WHAT YOU WILL DO -> Please output the listing below character for character and omit the images.

DATASET RECORDS ->
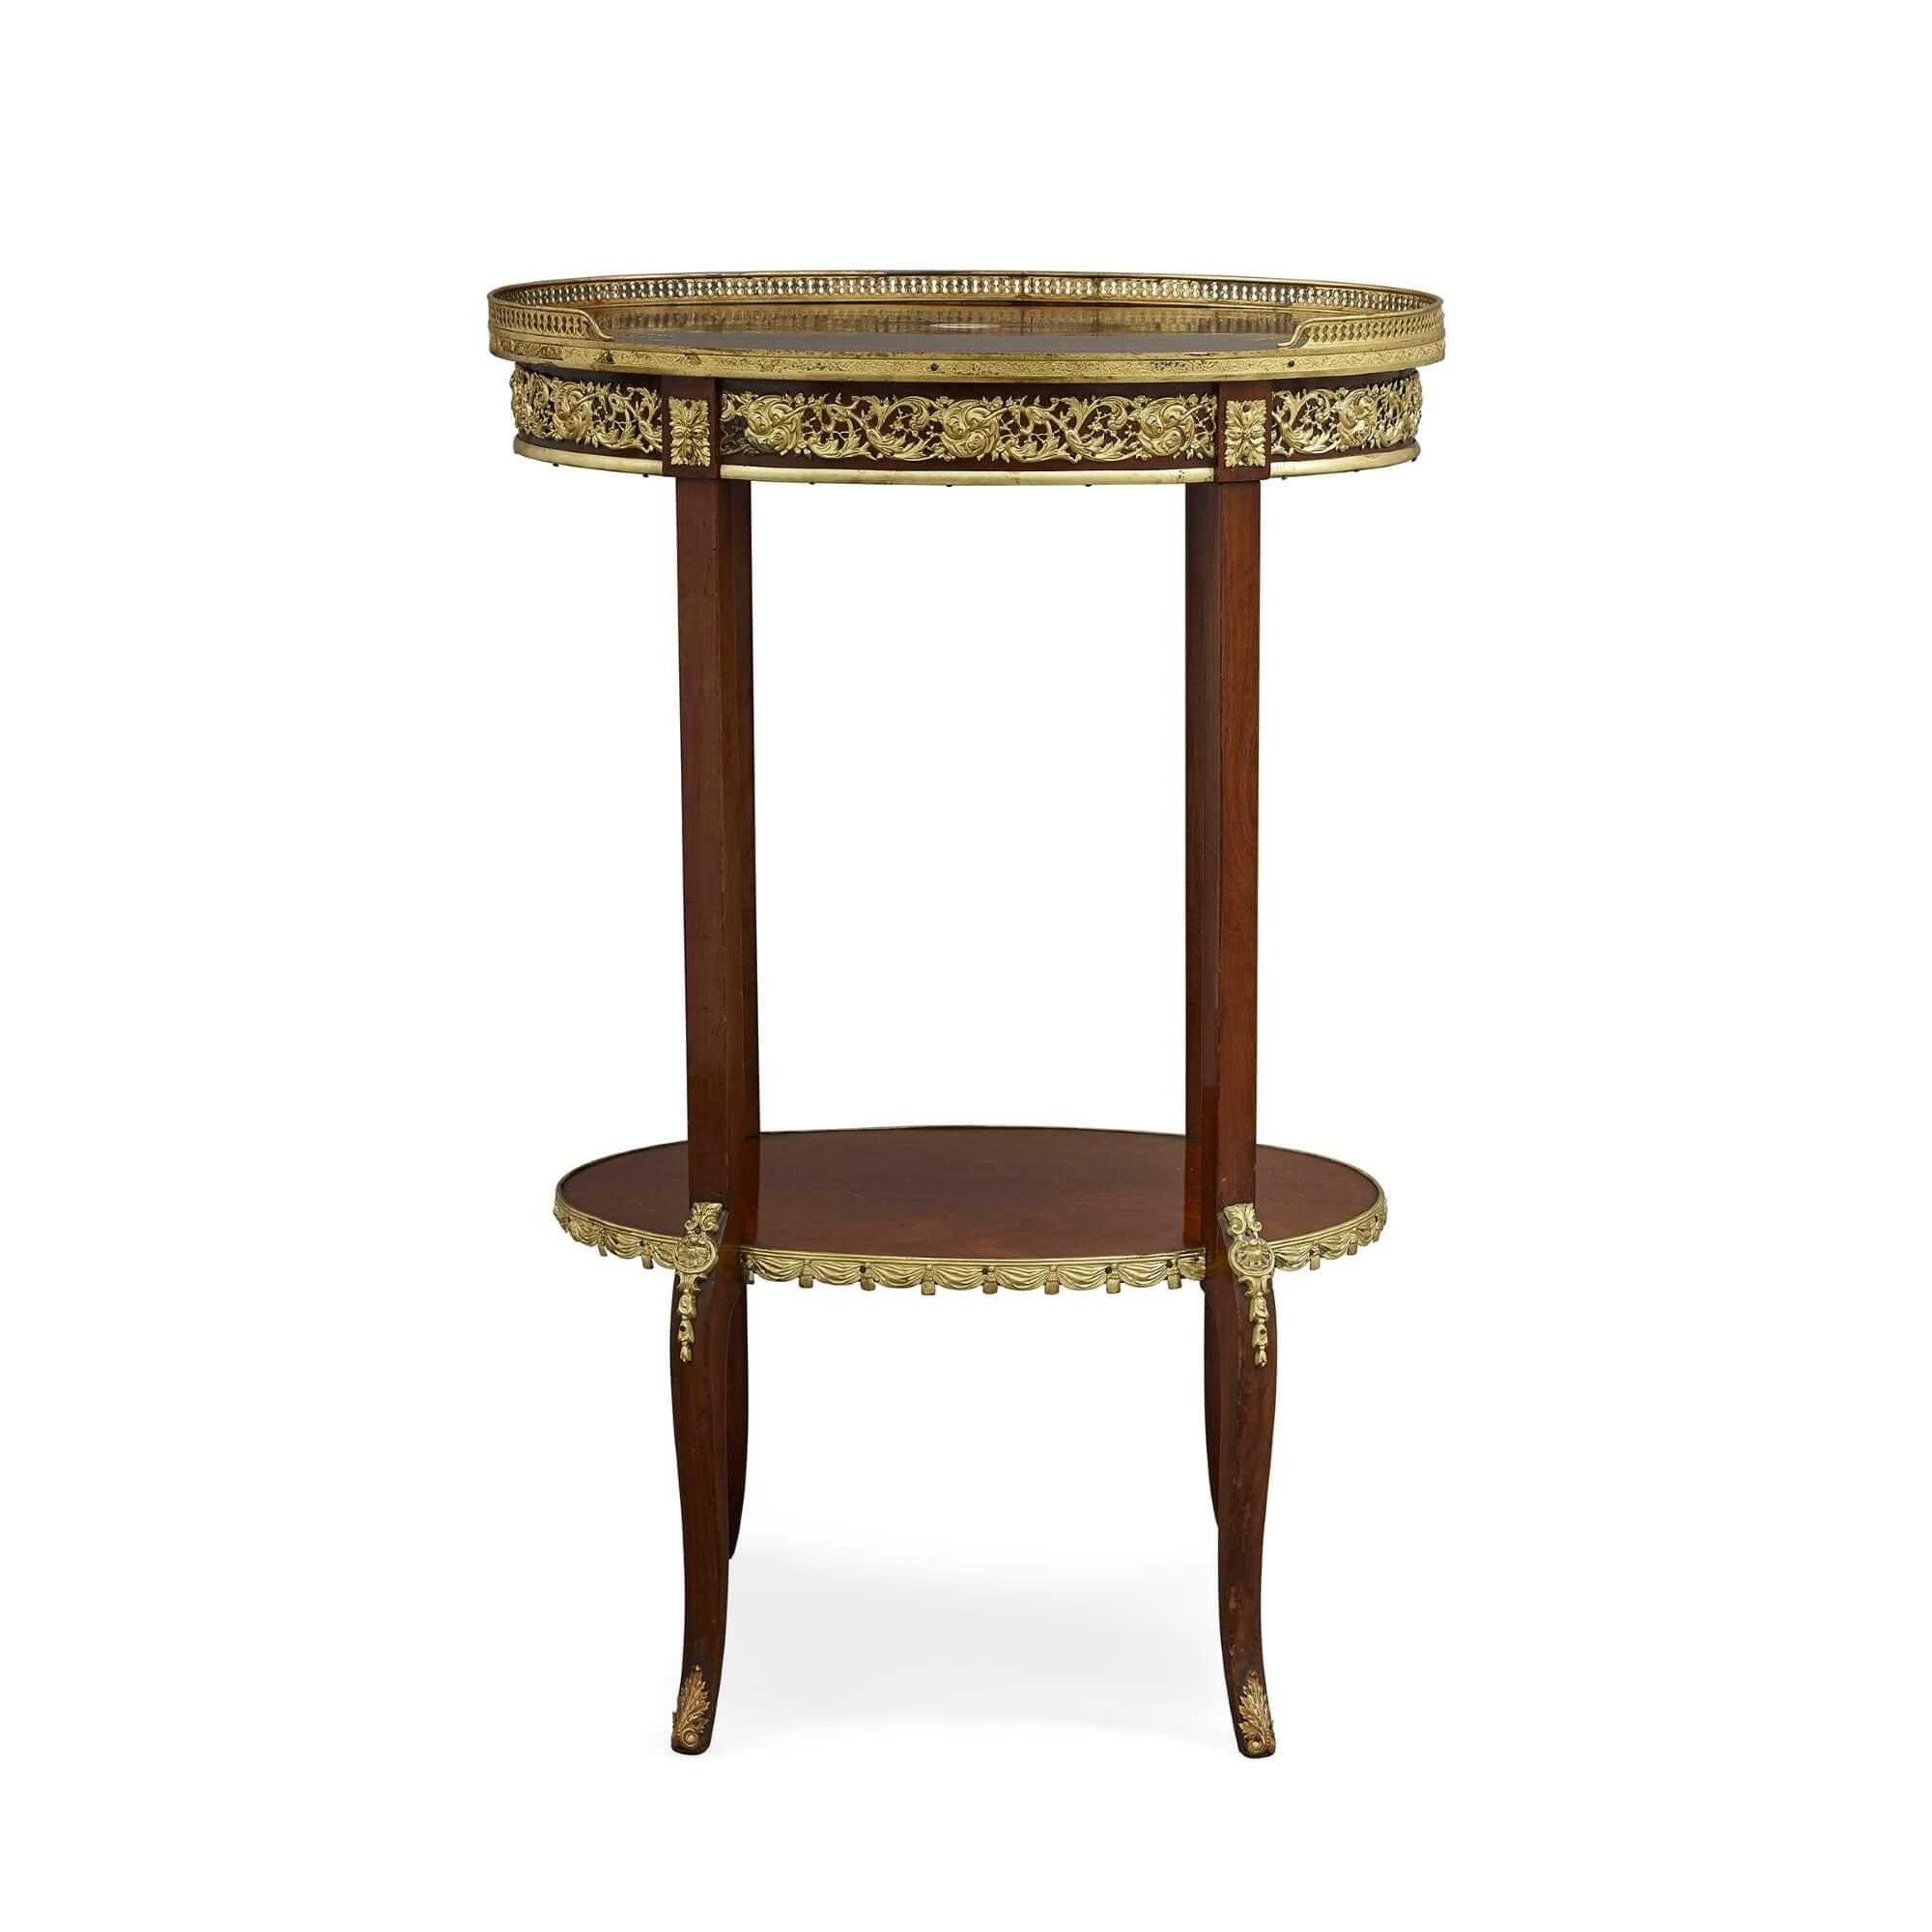 French Transitional style ormolu mounted wood étagère
French, late 19th century
Measures: Height 80cm, width 54cm, depth 37cm

This fine étagère—a shelved side table—is crafted in the Transitional style from mahogany and gilt bronze. The table
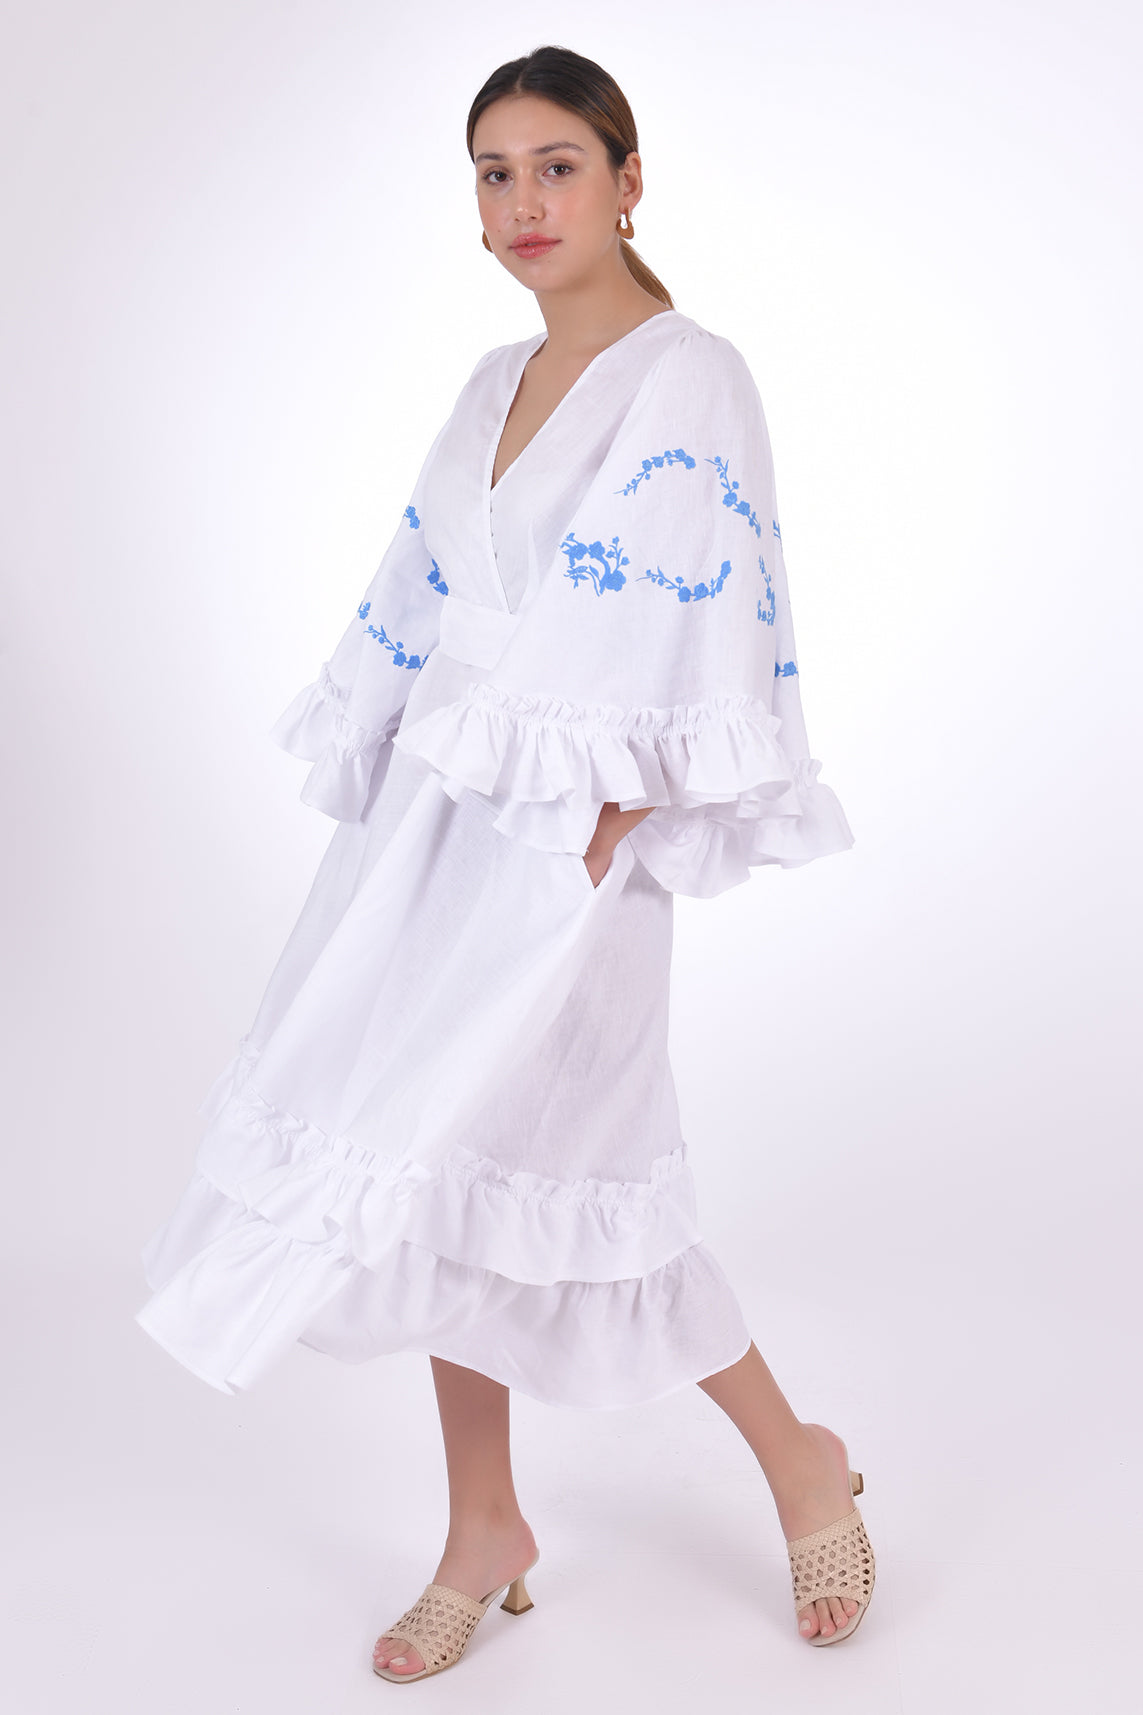 Fanm Mon Hati Linen Dress, Showcasing the movement of the Linen fabric, bell sleeves and ruffled hem. Side View.
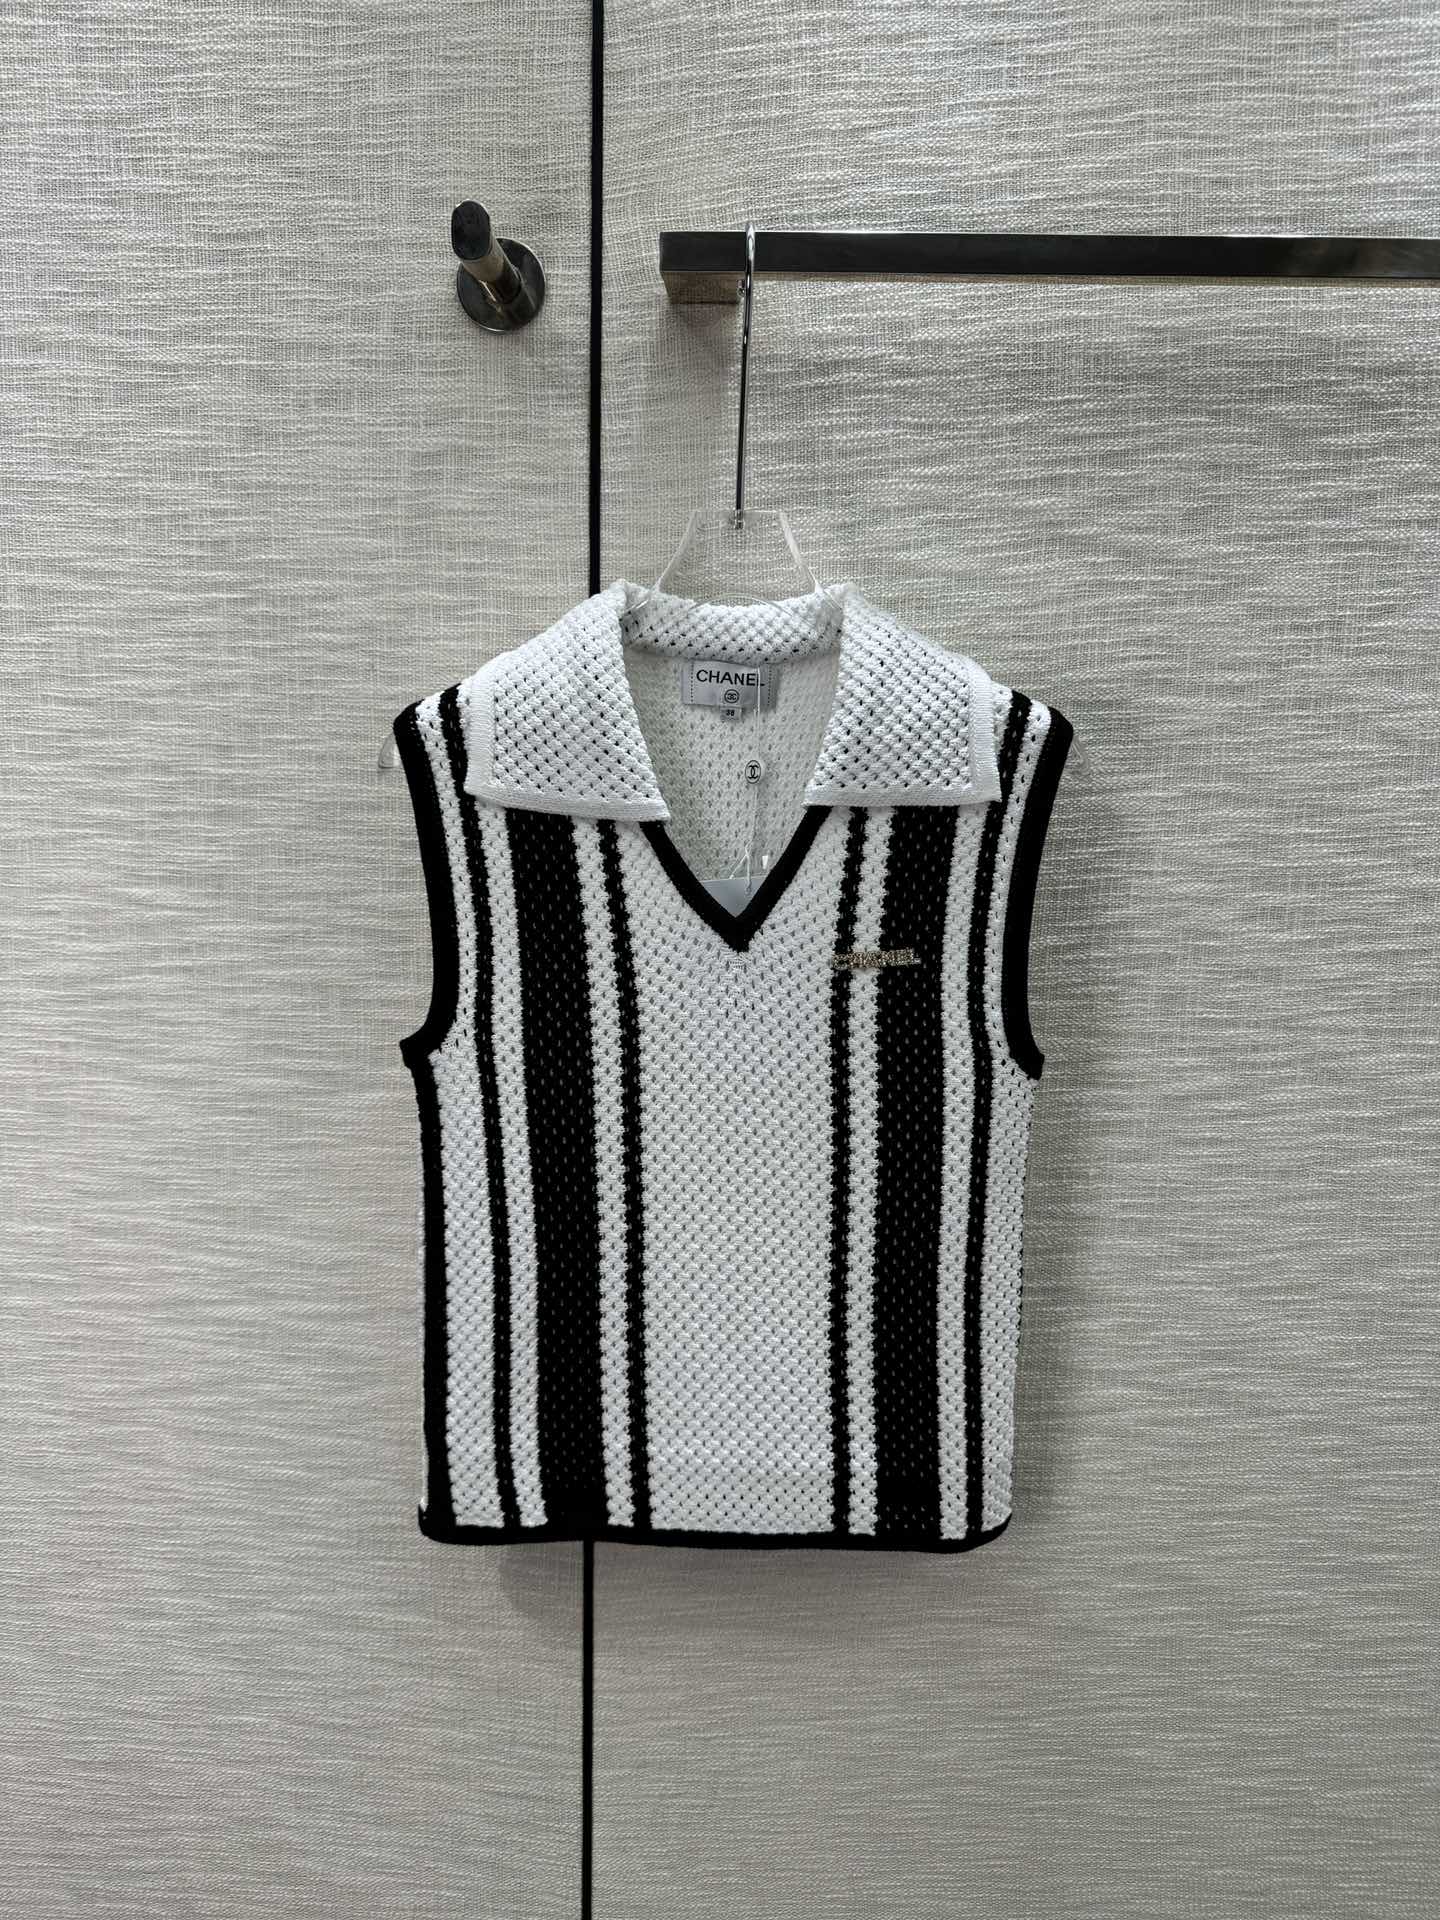 Chanel Cheap
 Clothing Polo Tank Tops&Camis Openwork Knitting Spring/Summer Collection

WRITTEN SOLUTION ->
 French Transitional style ormolu mounted wood étagère
French, late 19th century
Measures: Height 80cm, width 54cm, depth 37cm

This fine étagère—a shelved side table—is crafted in the Transitional style from mahogany and gilt bronze. The table
 Fanm Mon Hati Linen Dress, Showcasing the movement of the Linen fabric, bell sleeves and ruffled hem. Side View.
 Chanel Cheap
 Clothing Polo Tank Tops&Camis Openwork Knitting Spring/Summer Collection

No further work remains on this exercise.